Proces bouwfraude in eindfase
Het Openbaar Ministerie maakt dinsdag en woensdag de eisen bekend tegen de vier bouwbedrijven en twaalf van hun (ex–)directeuren die verdachten zijn in de bouwfraudezaak. Naar verwachting heeft de officier van justitie anderhalve dag nodig om zijn eisen te formuleren. De rechtbank zal begin juni oordelen.
Het proces tegen Heijmans, KWS, Koop Tjuchem en BAM en de twaalf werknemers begon in oktober en liep sindsdien met regelmatige onderbrekingen. De aanklacht van het maken van verboden afspraken, oplichting, valsheid in geschrifte en deelname aan een criminele organisatie is vastgelegd in vijftig lijvige dossiermappen. Die dossiers zijn opgebouwd gedurende een onderzoek dat eind november 2001 begon, kort nadat de zogenoemde schaduwboekhouding van klokkenluider Ad Bos werd geopenbaard in het televisieprogramma Zembla.
Tijdens de behandeling is door vormfouten van het Openbaar Ministerie een deel van de oorspronkelijke aanklachten vervallen. De vier bedrijven worden niet vervolgd voor het plegen van vooroverleg. Die aanklacht tegen hen is verjaard. Ook een manager van BAM en drie van Heijmans zijn daarvan vrijgepleit.
De procesdagen zijn redelijk rustig verlopen, zonder dat opvallende nieuwe feiten boven water kwamen. Dat kwam mede doordat de betrokken managers zich, op een enkeling na, niet lieten zien. Ze vonden dat ze al genoeg aan de schandpaal waren genageld. Hun advocaten namen de honneurs waar. Drie van de vier verdachten van KWS waren wel aanwezig, maar zij gingen niet inhoudelijk in op de zaak. De verdachten stelden vooral dat ze niet begrepen waarom juist zij verantwoordelijk waren gesteld voor een probleem wat in de hele bouwwereld speelde.
De meeste advocaten hebben al laten doorschemeren dat zij geen genoegen zullen nemen met het oordeel van de rechtbank en desnoods door zullen procederen tot aan het Europese Hof.
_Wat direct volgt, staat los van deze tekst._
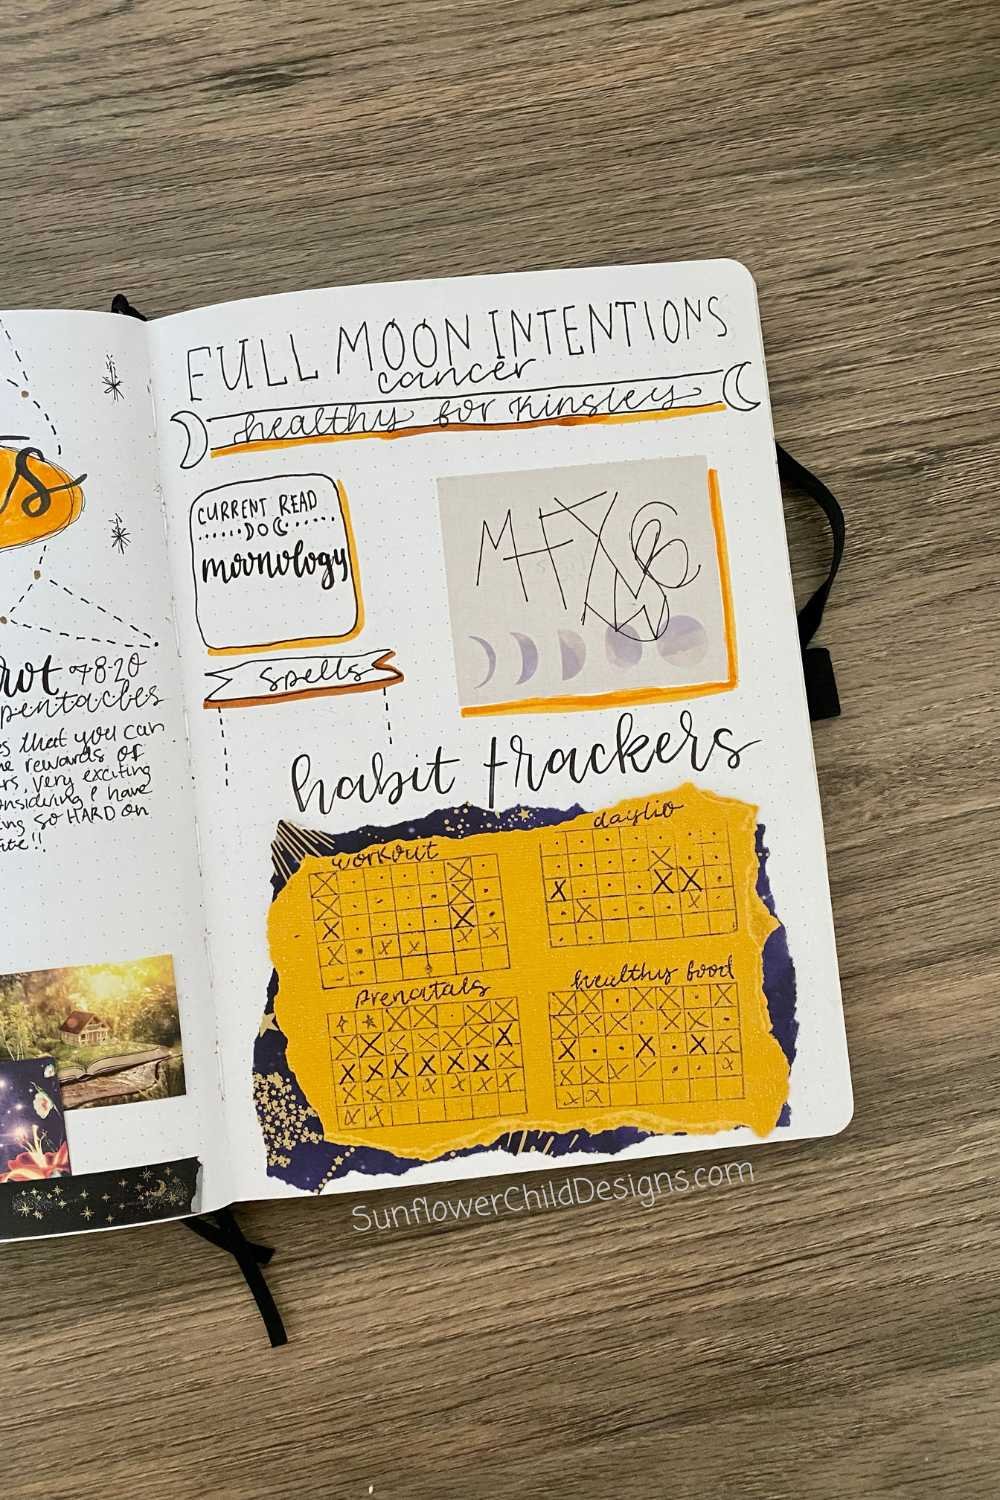 Witchy-Aesthetic-Bullet Journal-Pages-5.jpg

Zij menen dat in Europa andere maatschaven gelden waar het gaat om een strafproces aan de ene kant en een parlementair onderzoek aan de andere kant. In dit geval zijn tijdens de parlementaire enquêtecommissie naar de bouwfraude aannemers als getuige gehoord die in het proces als verdachte moesten opdraven. Ook vinden de advocaten de keus van het OM voor enkele bedrijven in slechts één sector van de bouw, de wegenbouw, arbitrair.